Путь к идеалу. День 2-7

Ночь, в самом деле, была долгой. Однако, ближе к рассвету, насильник, наконец, заснул, сжимая жертву в объятьях. Генри выждал немного, давая ему уснуть покрепче, а себе чуток собраться с силами. Кажется, задремав на некоторое время, потому что, открыв глаза, заметил первые лучи, проникающие в щель между темных штор. Осторожно выскользнув из-под руки Остина, как можно тише сполз с постели, подобрав джинсы и натянув их на голый зад, не тратя время на поиски боксеров. Обыскав брюки Остина, достал ключ, замирая всякий раз, когда тот вздыхал громче обычного или удобнее устраивал на подушке свою больную голову. Попятился спиной к двери комнаты, не выпуская спящего из вида. Краем глаза заметив черную кошку, разинувшую пасть, приложил палец к губам, и сам передернувшись от этого жеста. Вот так и сходят с ума...

Потратил лишь немного времени на поиски мобильного, и нашел свой смартфон в мусорном ведре, разбитым, что называется, вдребезги. Остин же подобными гаджетами не пользовался.

Выбравшись из дома, невольно поежившись от утренней прохлады, Генри бросил взгляд на машину. Как заманчиво было подойти и проверить, не остались ли ключи в зажигании, но он отбросил эту мысль — тачка могла стоять на сигнализации. Побежал вдоль грунтовки, в любой момент готовый нырнуть в чащу деревьев. К трассе, где даже в это раннее время можно было остановить попутку. Вчера, на машине, они преодолели это расстояние за пять минут, сегодня, на своих двоих, казалось, он бежал вечность. Предчувствие ли, паранойя, но его преследовало чувство погони, и он все чаще оглядывался и спотыкался, прислушивался, с ужасом ожидая шагов или шелеста шин по грунту. Выскочив к шоссе, Генри еще бежал некоторое время вдоль него, чтобы, услышав приближающейся автомобиль, вытянуть руку, голосуя. Однако водитель даже не притормозил. Может, водителя смутил вид парня? А время уходило, и он буквально кожей чувствовал, как таят шансы на спасение и, когда его проигнорировал четвертый частник, Генри решительно вышел на проезжую часть, вынуждая затормозить потертый пикап. Стойко выслушав все, что о нем думает немолодой фермер, попросил увезти его, куда угодно, лишь бы подальше отсюда. Он ничего не скрывал, утверждая, что его похитил и теперь преследует извращенец. И фермер, как ни странно, поверил, пообещав подбросить до ближайшего пункта полиции. Впрочем, почему странно? Генри бросил взгляд на себя: покрытое синяками тело, со следами от наручников на запястьях, кривая походка, помятые штаны, а еще искусанные губы... А когда поднял его на спасителя, почувствовал, как меняется в лице от ужаса. Мужчина успел ответить вопросительным взглядом, начиная инстинктивно оборачиваться, а в следующий миг нож Остина полоснул его по горлу. Брызги горячей крови попали Генри на лицо, заставив инстинктивно провести по нему пальцами, размазывая капли. Он увидел, как секундное изумление на лице не состоявшегося спасителя сменяется осознанием и затем ужасом, когда бедняга понял, что умирает. Генри закричал и, не оборачиваясь, ломанулся в лес. Не разбирая дороги, бежал, куда глаза глядят, движимый лишь одной целью — оказаться как можно дальше от маньяка, в заложниках которого оказался. Кровь стучала в висках, взгляд застилали слезы ужаса и отчаяния. Зацепившись за корень, упал, кажется, разбив себе колено, но времени, обратить на это внимание, не было. Бежать. "Бежать", — билась в голове единственная мысль. Укоры и угрызения совести, это все будет потом, а сейчас — бежать.

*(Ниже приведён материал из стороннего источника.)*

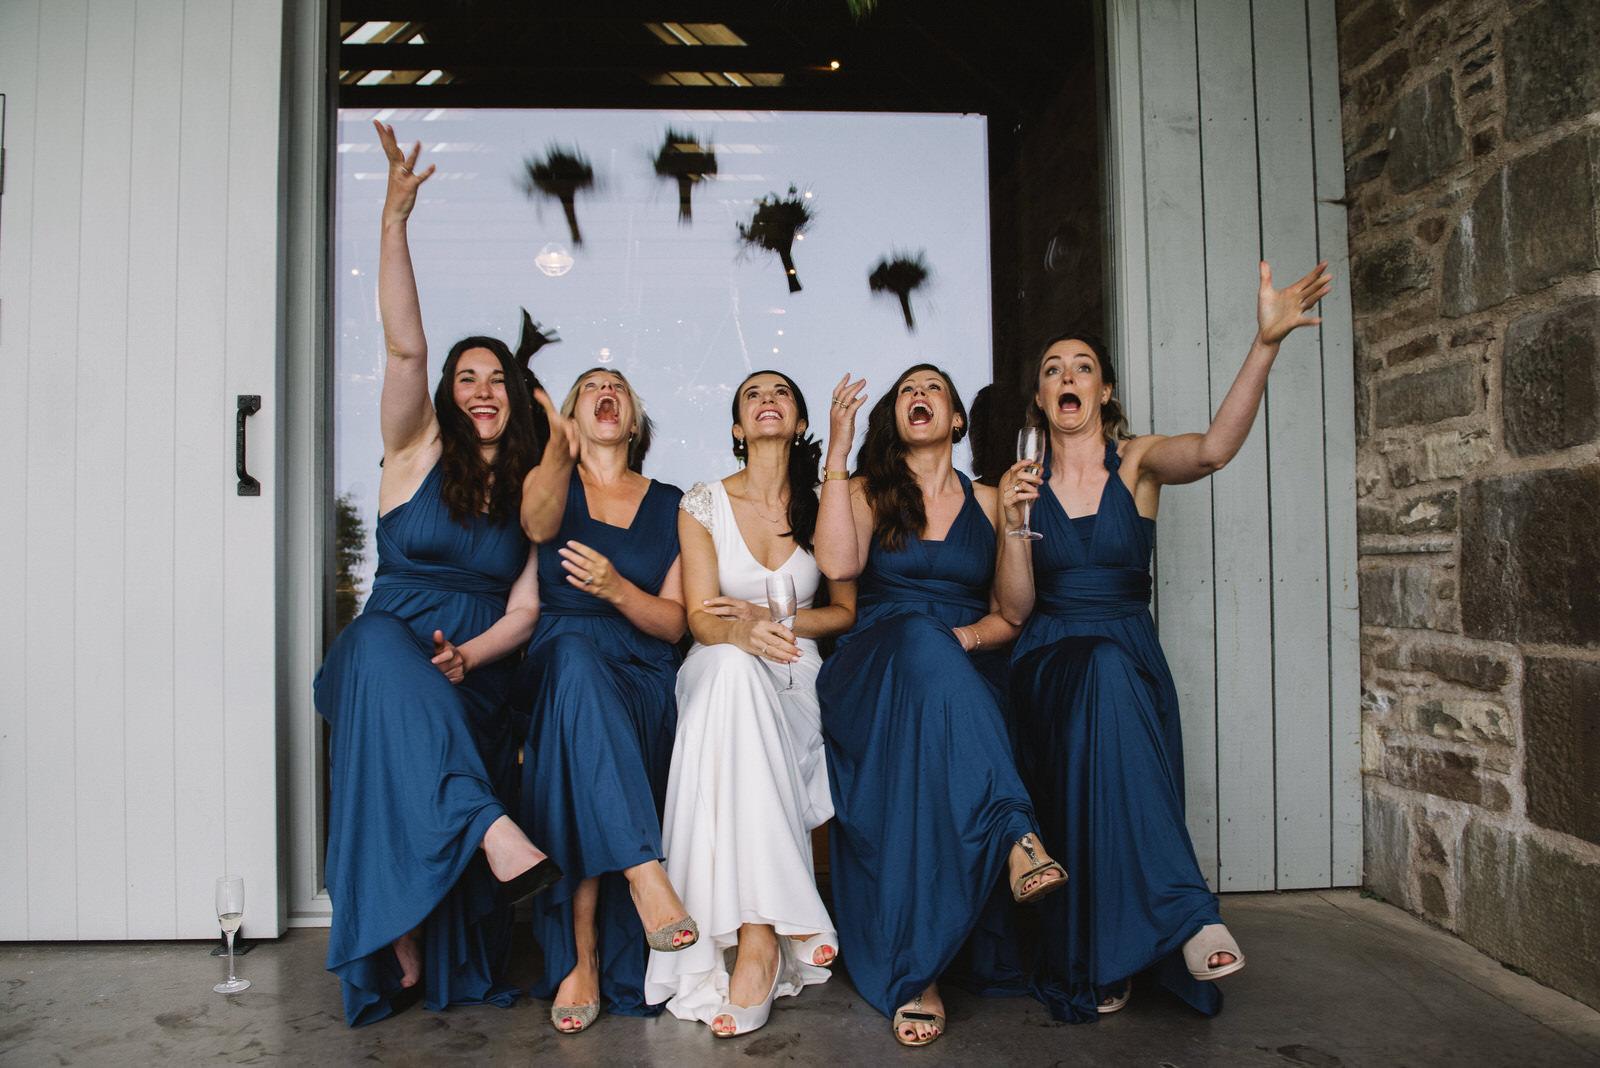 036-GUARDSWELL-FARM-WEDDING-ALTERNATIVE-SCOTTISH-WEDDING-PHOTOGRAPHER-SCOTTISH-WEDDING-DESTINATION-WEDDING-PHOTOGRAPHER.JPG
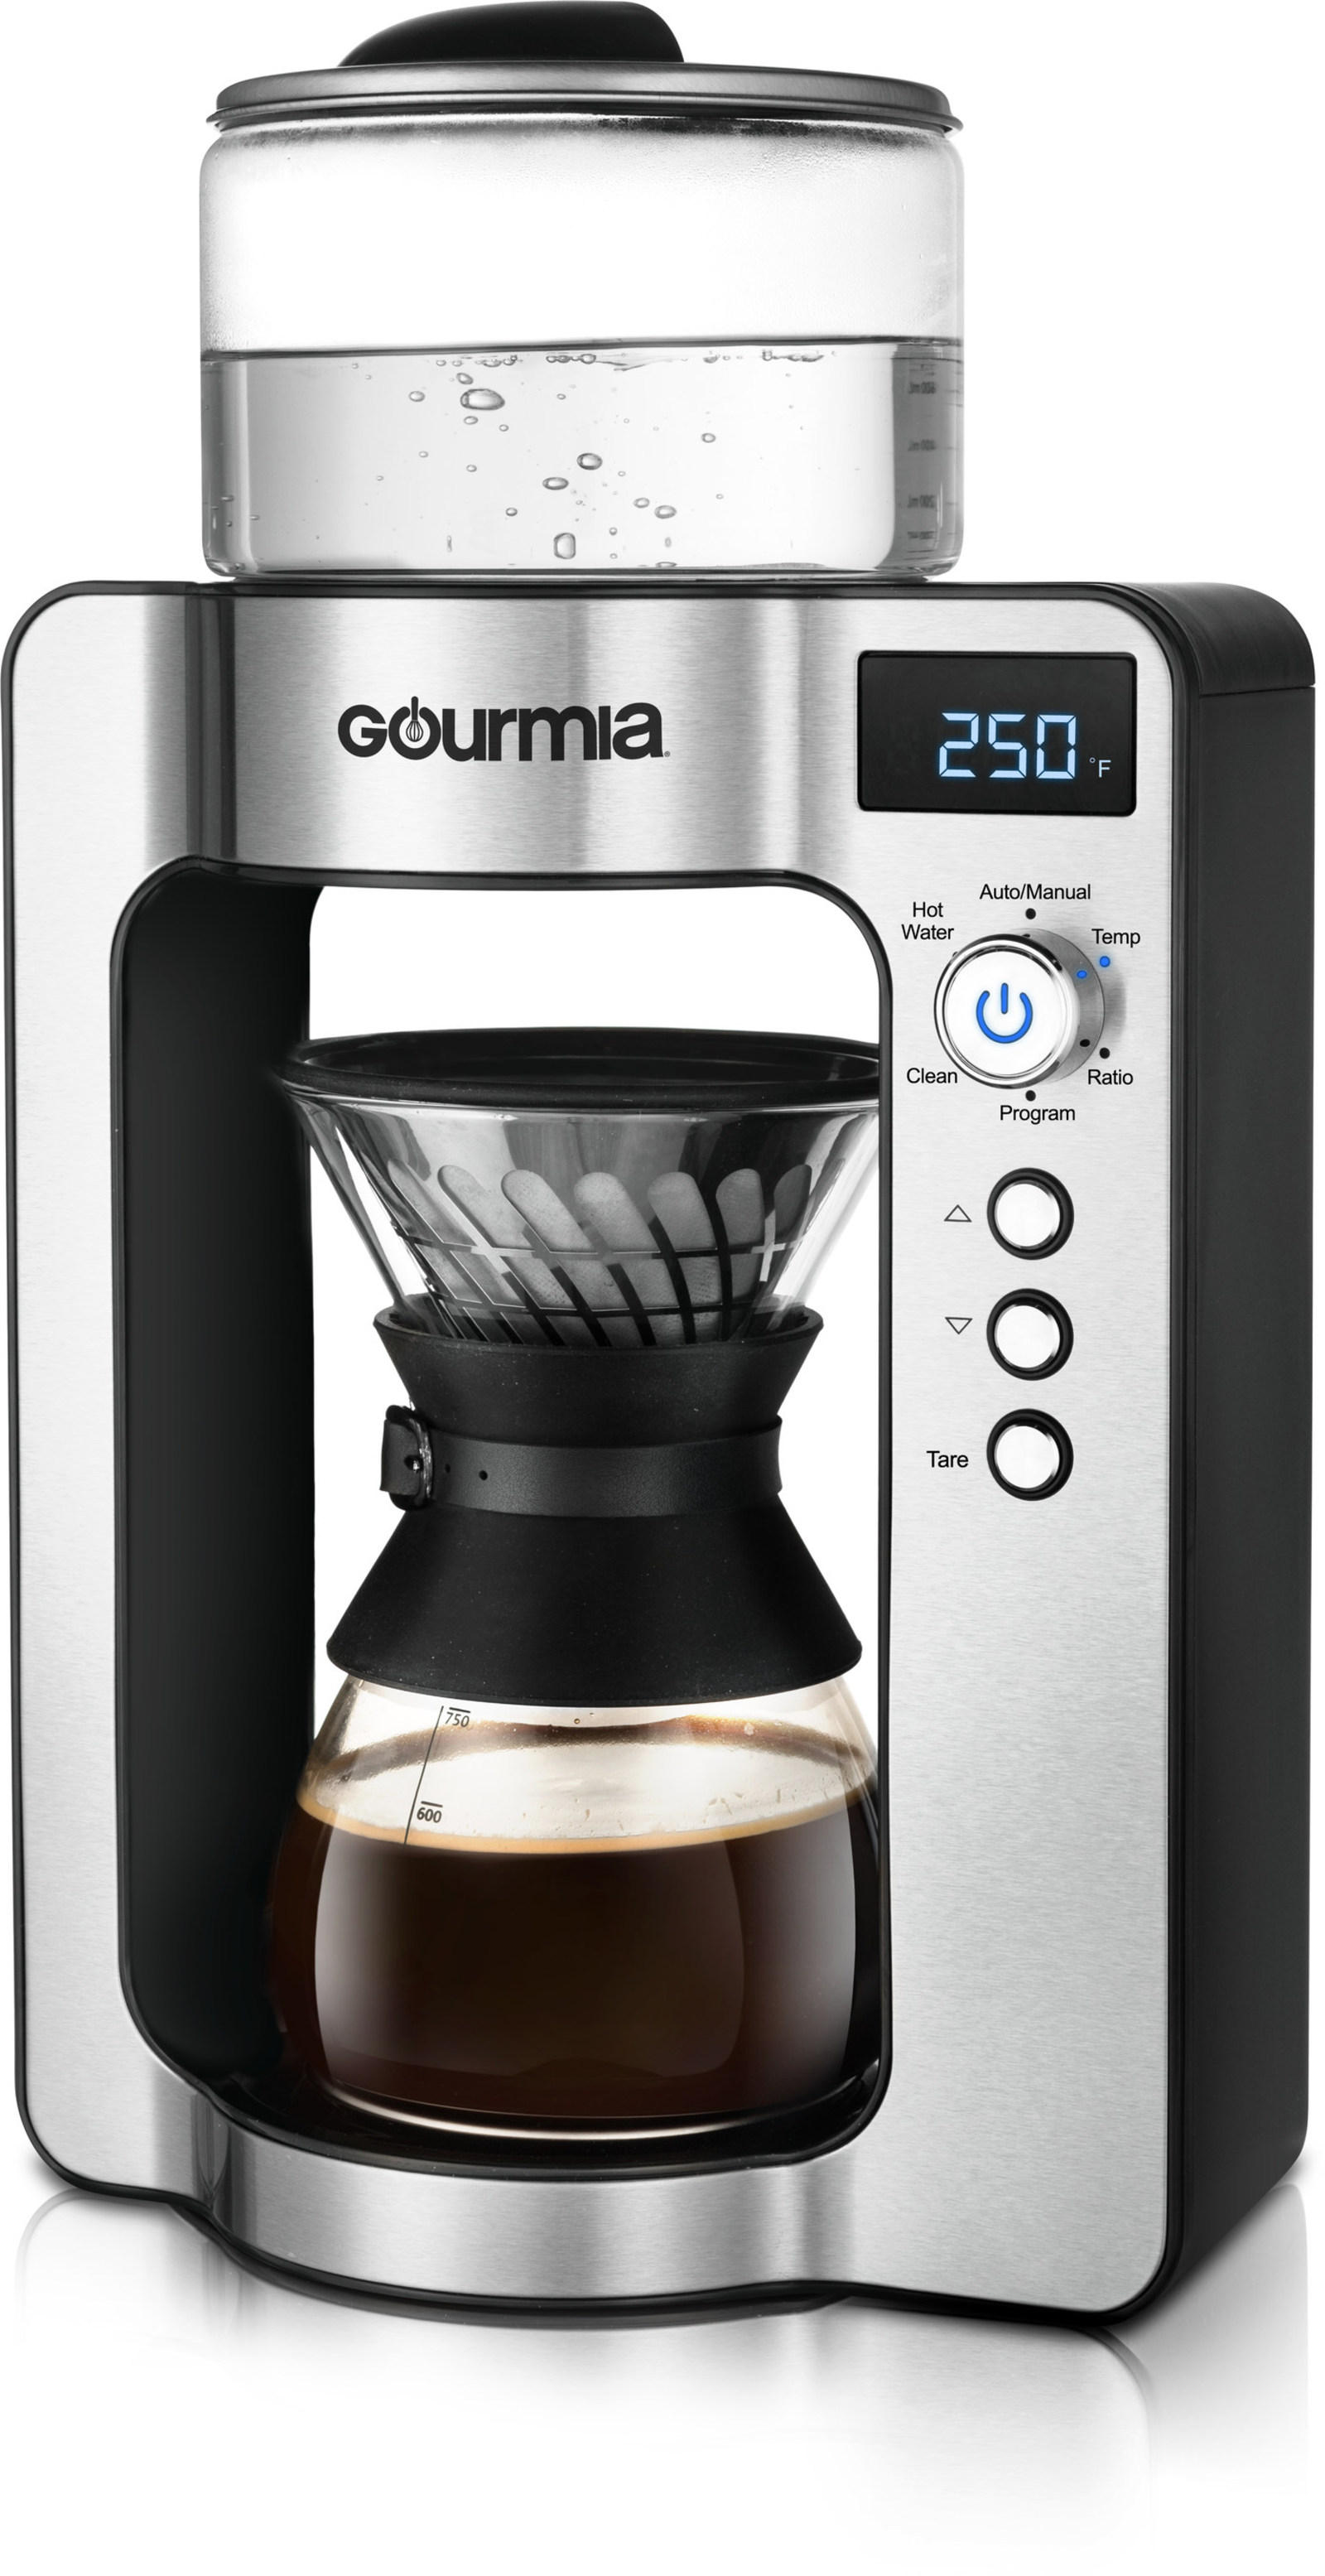 Gourmia Pour Over Coffee Maker

Ловкая подсечка, и Генри снова растянулся, а в следующий миг на него обрушился ряд коротких профессиональных ударов, что оставили беглеца, скорчившись, лежать на прошлогодней листве.

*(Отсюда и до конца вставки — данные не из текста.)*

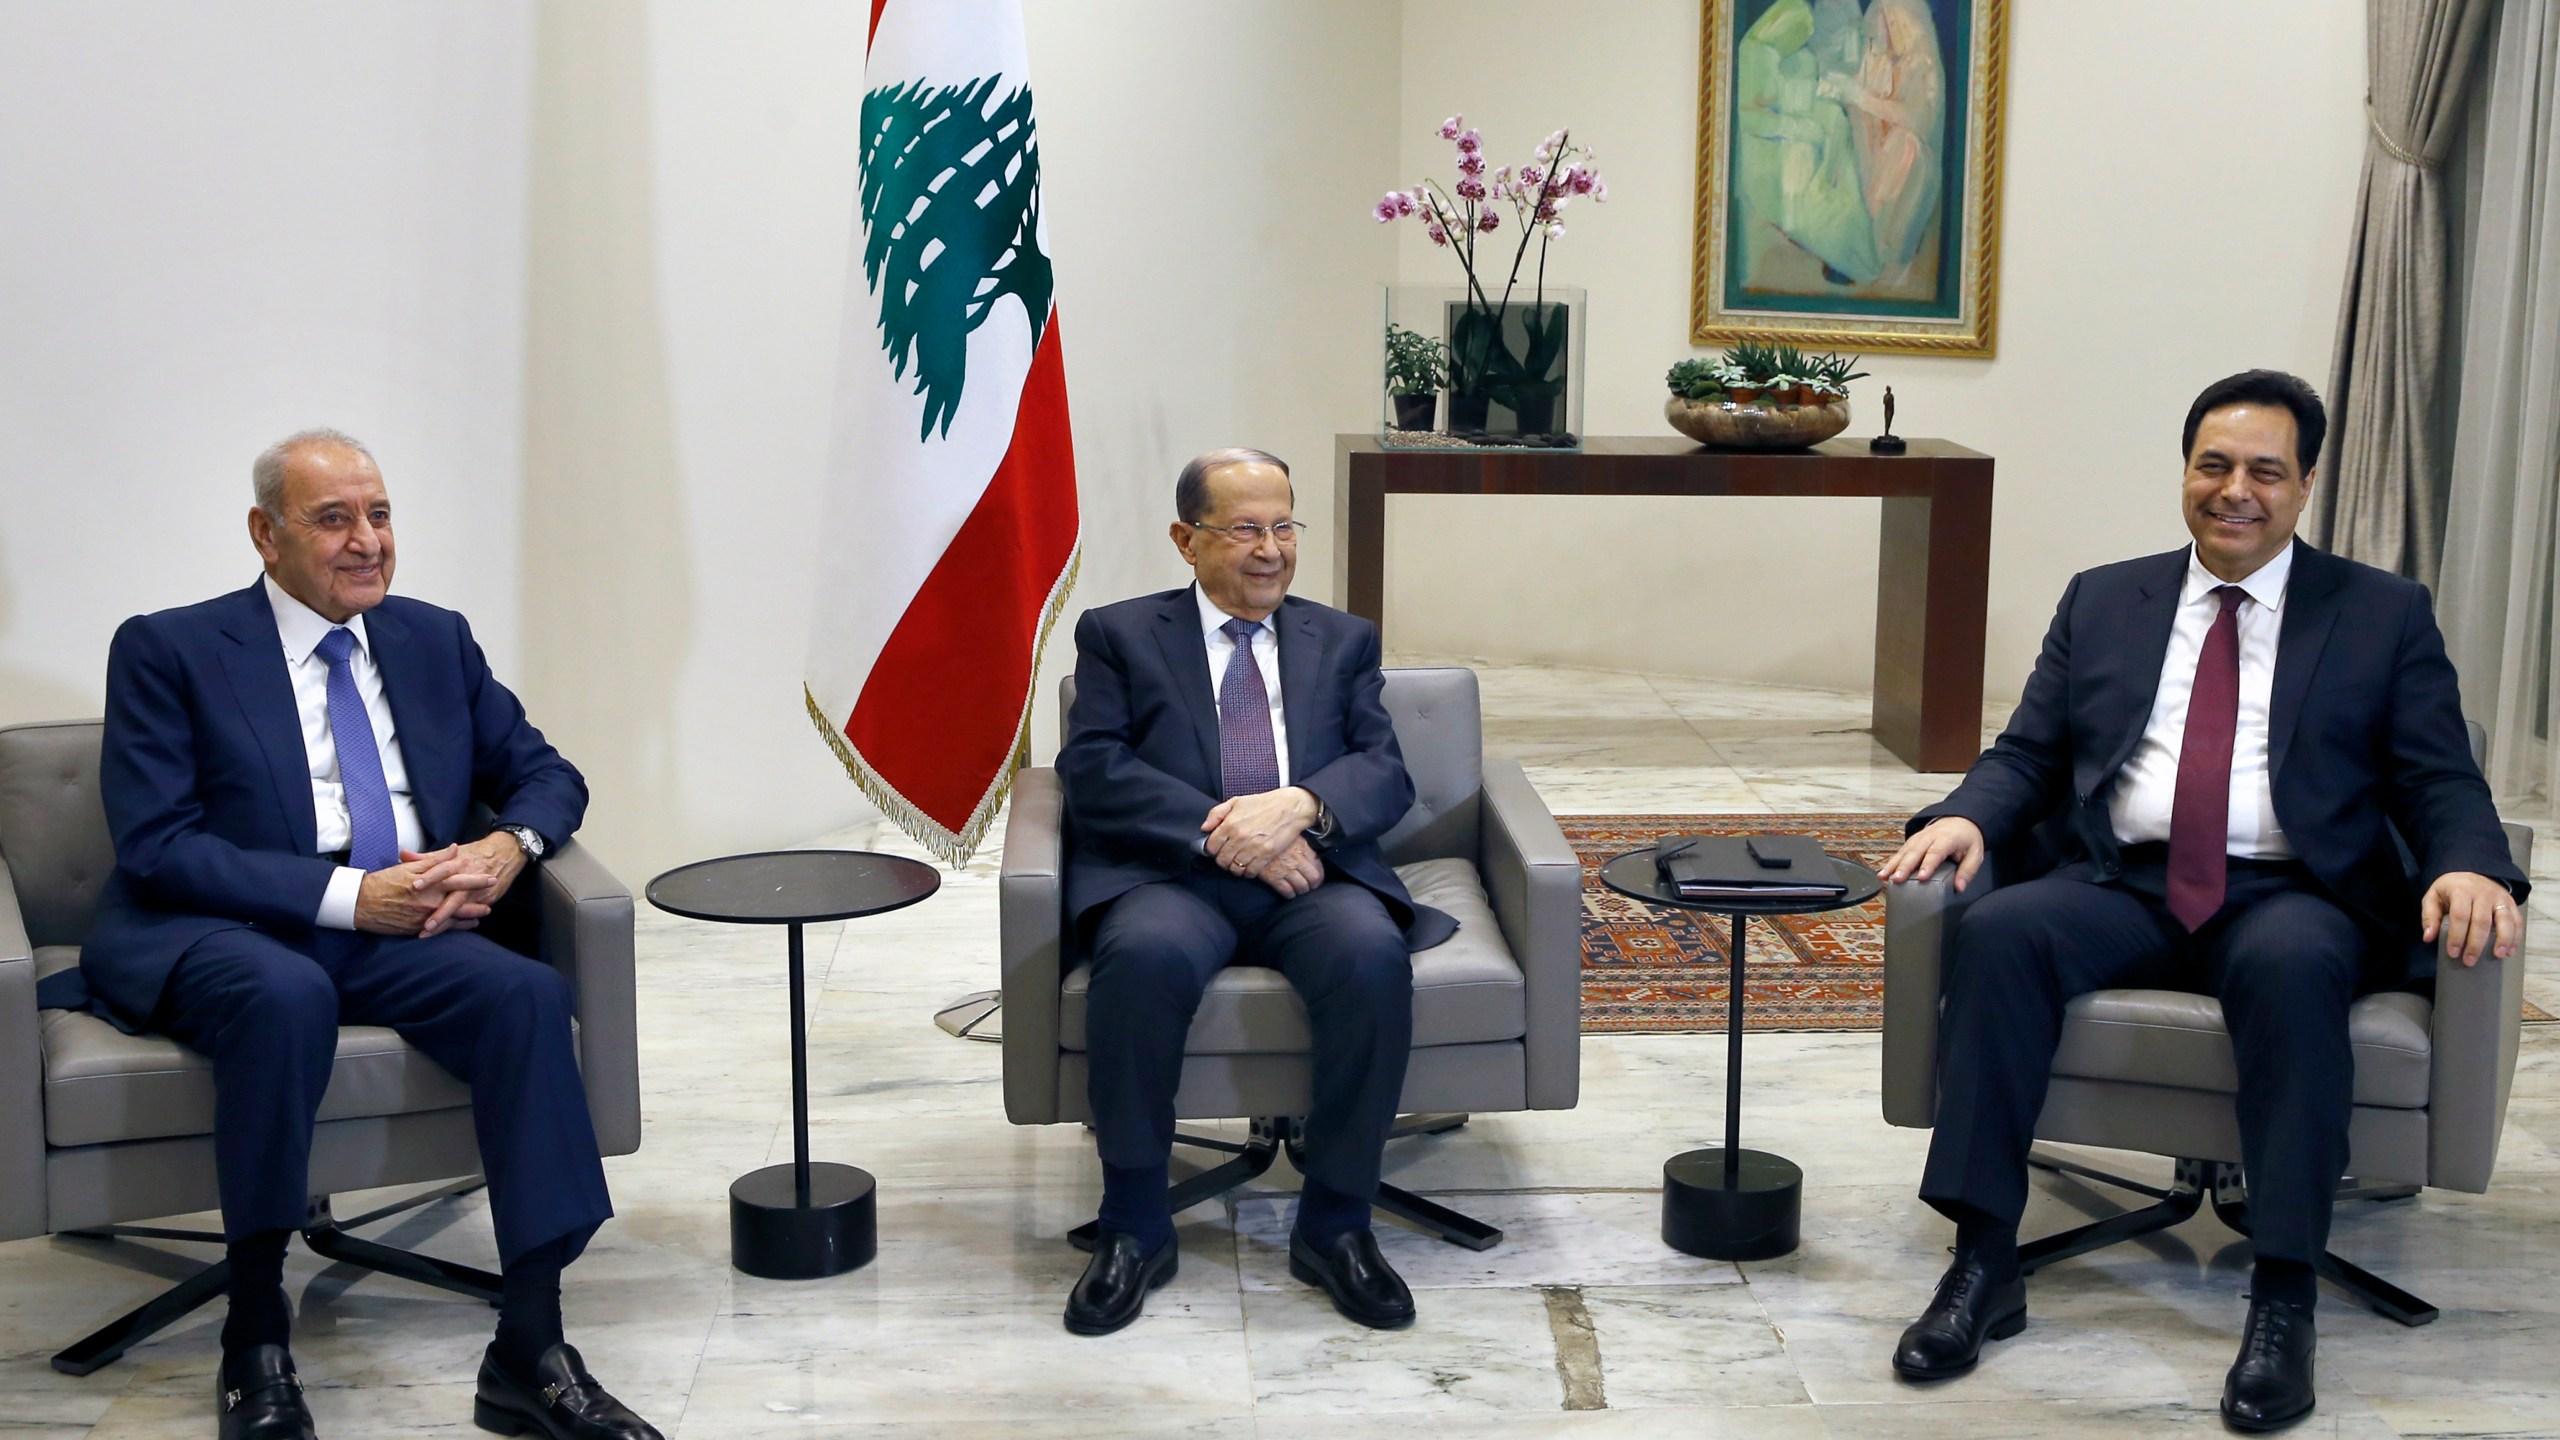 Michel Aoun, Nabih Berri, Hassan Diab

— Порезвился и хватит, — перевел дыхание Остин, присаживаясь ненадолго рядом. — А ты, оказывается, непослушный мальчик. Придется тебя наказать.

От тона, каким прозвучало обещание, беглец вздрогнул и зажмурился, ожидая немедленной экзекуции, но его лишь закинули на плечо, точно мешок с костями, и понесли. Домой. И он чуть не взвыл, когда понял, что бежал в обратную сторону, к коттеджу.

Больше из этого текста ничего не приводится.